Someone I know and love suffers with Dysphoric Bi-Polar Depression. In talking to him and reading about it so that I can understand him, this is what he feels like most of the time. Not all health issues are visible:
WORN
I'm so worn out.
My joints ache constantly.
All the years of heavy lifting and active living have taken their toll.
My feet, knees, and hips ache and burn all the time.
Any activity hurts like crazy; takes the wind out of my sails for just about everything.
My head aches with the weather … just want to hide from everything.
I'm so worn down.
I've been working hard since my late teens, and there's no end in sight.
Every gain offset with a setback; feels like I'm treading water in shark-infested seas.
It's just a matter of time.
Government takes half of what I earn; whiners want them to tax and spend even more.
I seem to be surrounded by people who can't stand on their own two feet.

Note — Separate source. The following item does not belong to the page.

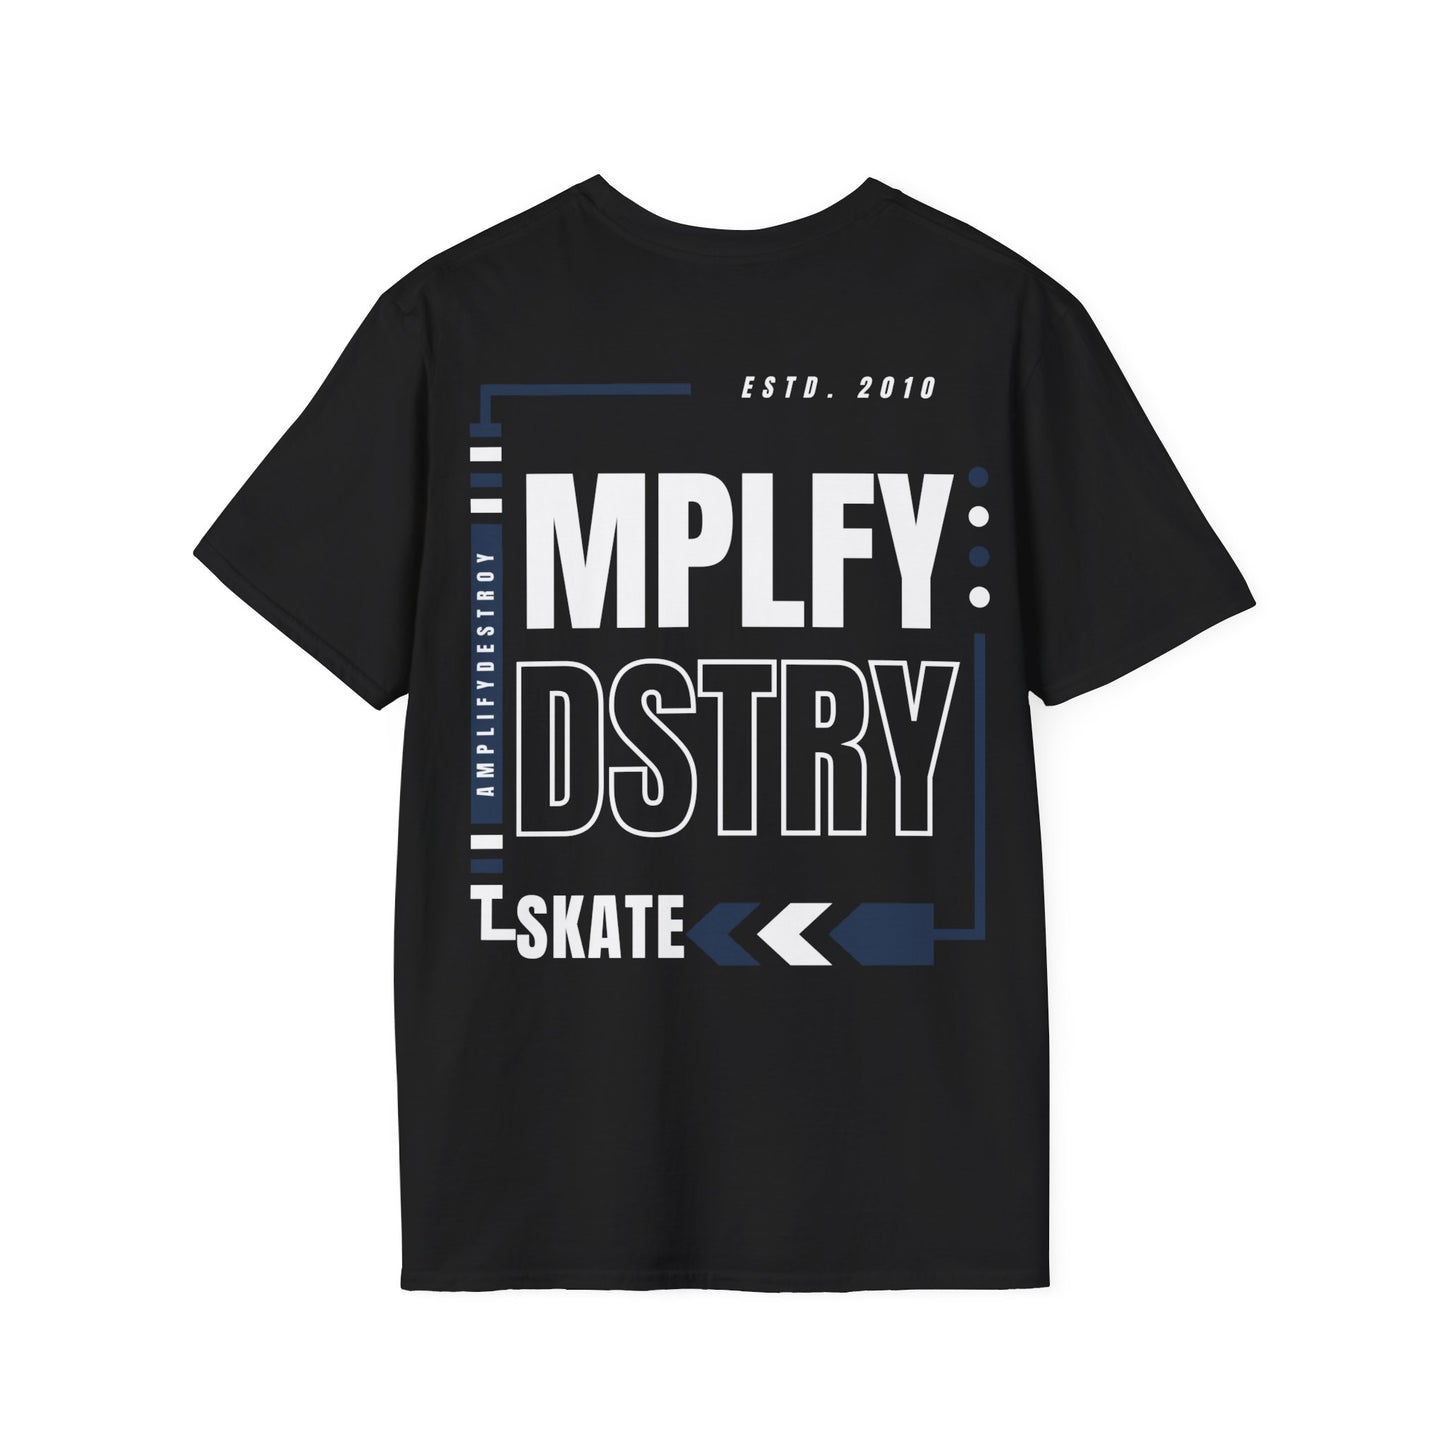 SKATE Classic Fit AmplifyDestroy Print Tee Shirt black skater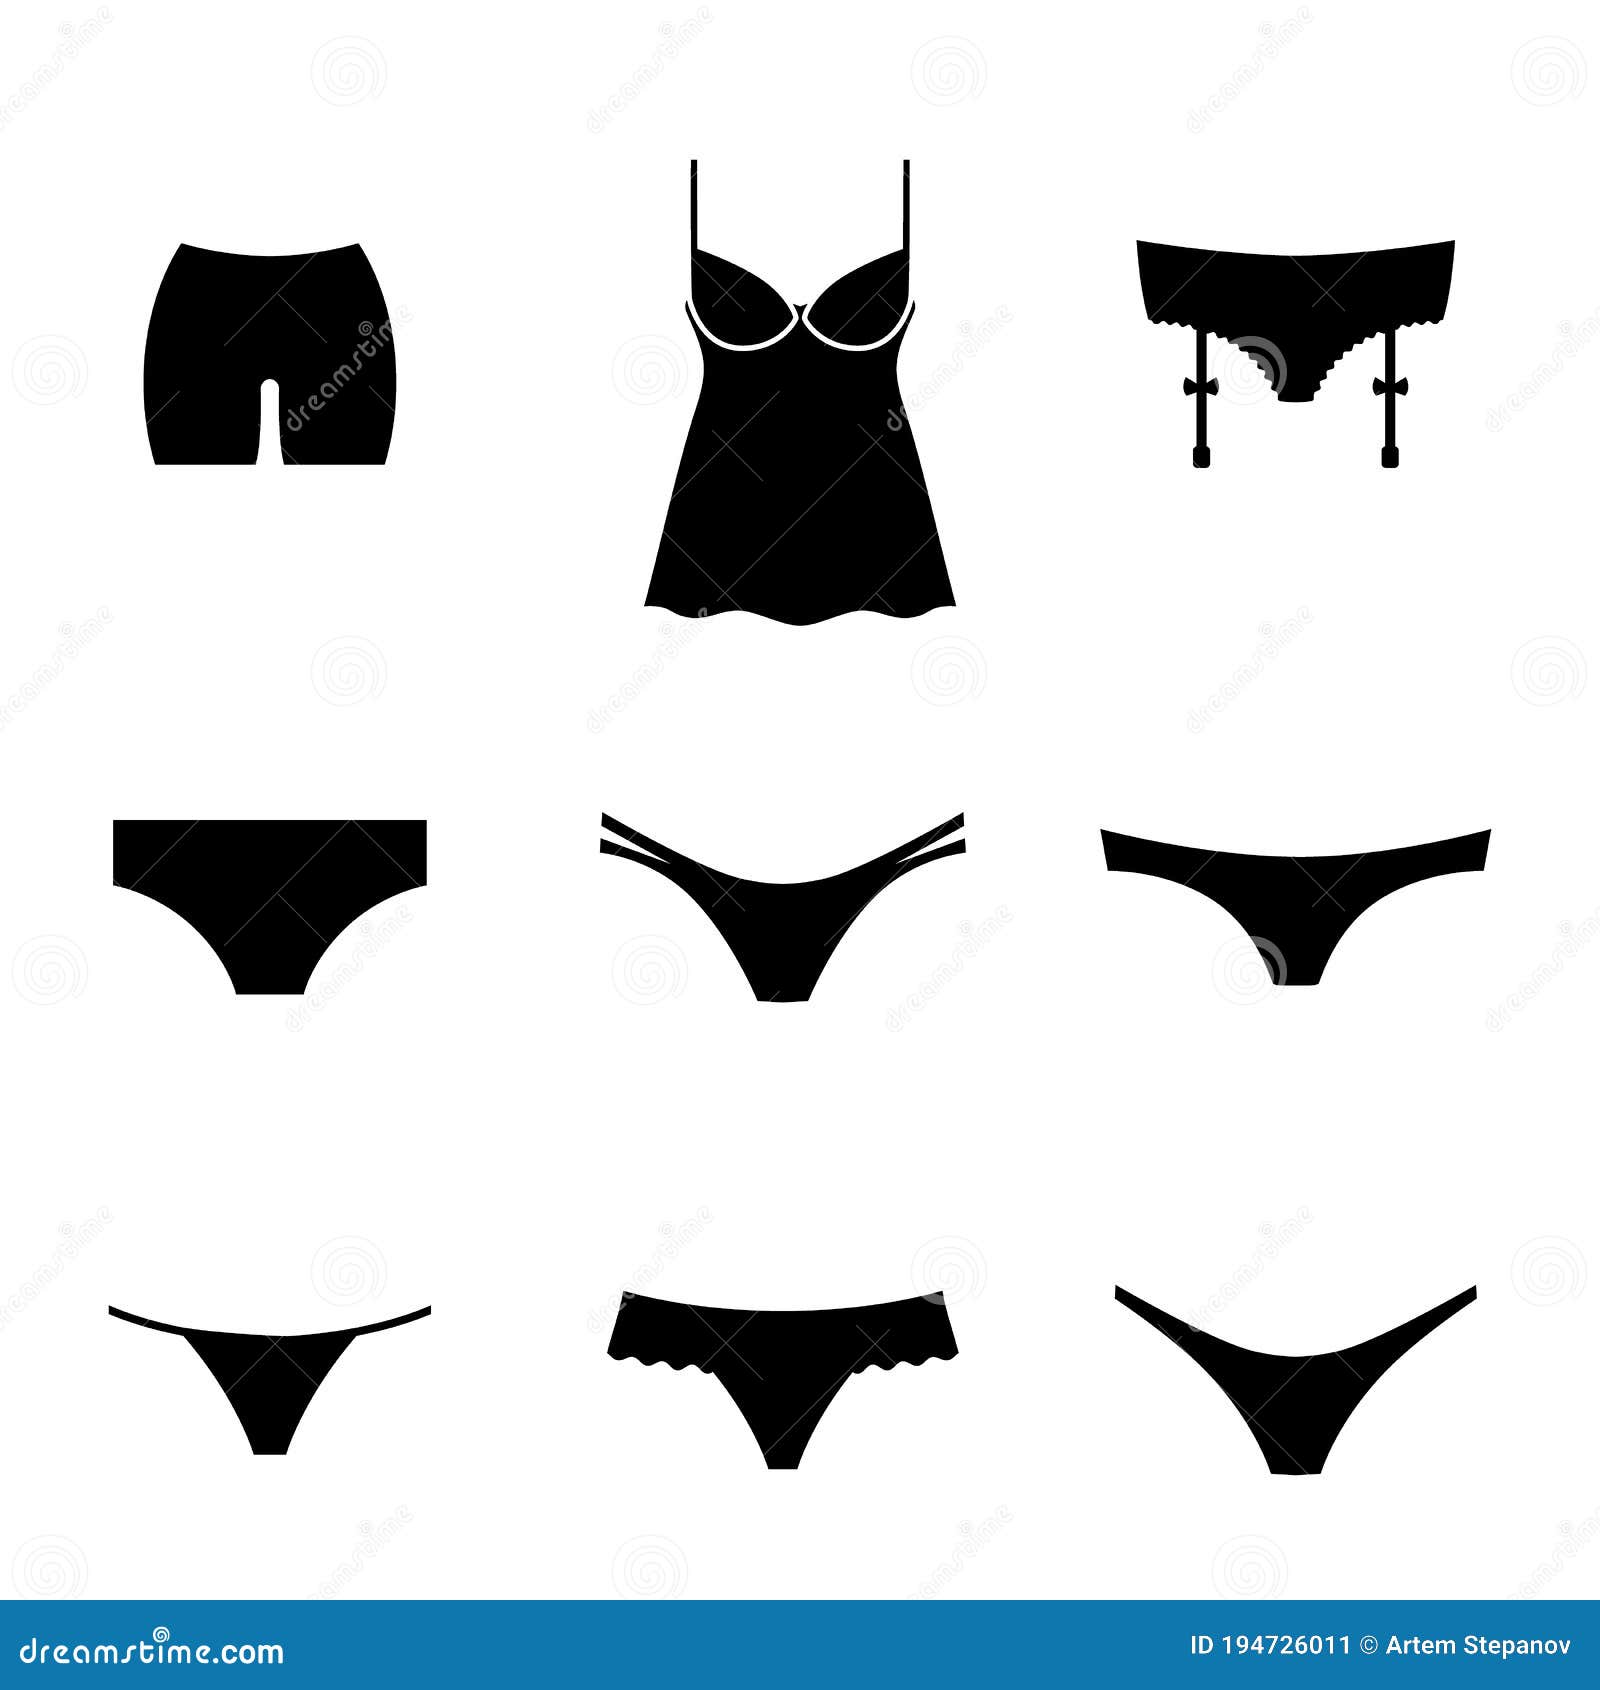 Vetor do Stock: Fashion female underwear icons. Feminine lacy

They always have their hand out … in one way or another.
I'm so worn out.
The human race around me is overrun with short-sighted, self-absorbed idiots.
They fall for stupid marketing campaigns, and chase short-term pleasure and short-term gain as if they were the pinnacles of human achievement.
Buzz words to conceal their emptiness, without knowing what they even mean.
I can't stand being around them … almost all the time.
I'm so worn down.
Terrorism is spreading like a plague, and we open our doors and pay for their admission.
My mind sees only a small part, I'm sure … and it terrifies me.
We refuse to see it or deal with it; it won't let me sleep.
It won't let me enjoy things I used to enjoy.
Hobbies have become a very short term diversion.
I pretend they're more … but they aren't.
I'm so worn out.
Plans and ambitions; dreams I once had … none of it will likely ever happen now.
I feel so taken advantage of, so used … and so used up.
There's nothing left to give.
Going to my job each day is torture, but I can't escape my obligations.
I'm drowning in them … frustration is suffocating me.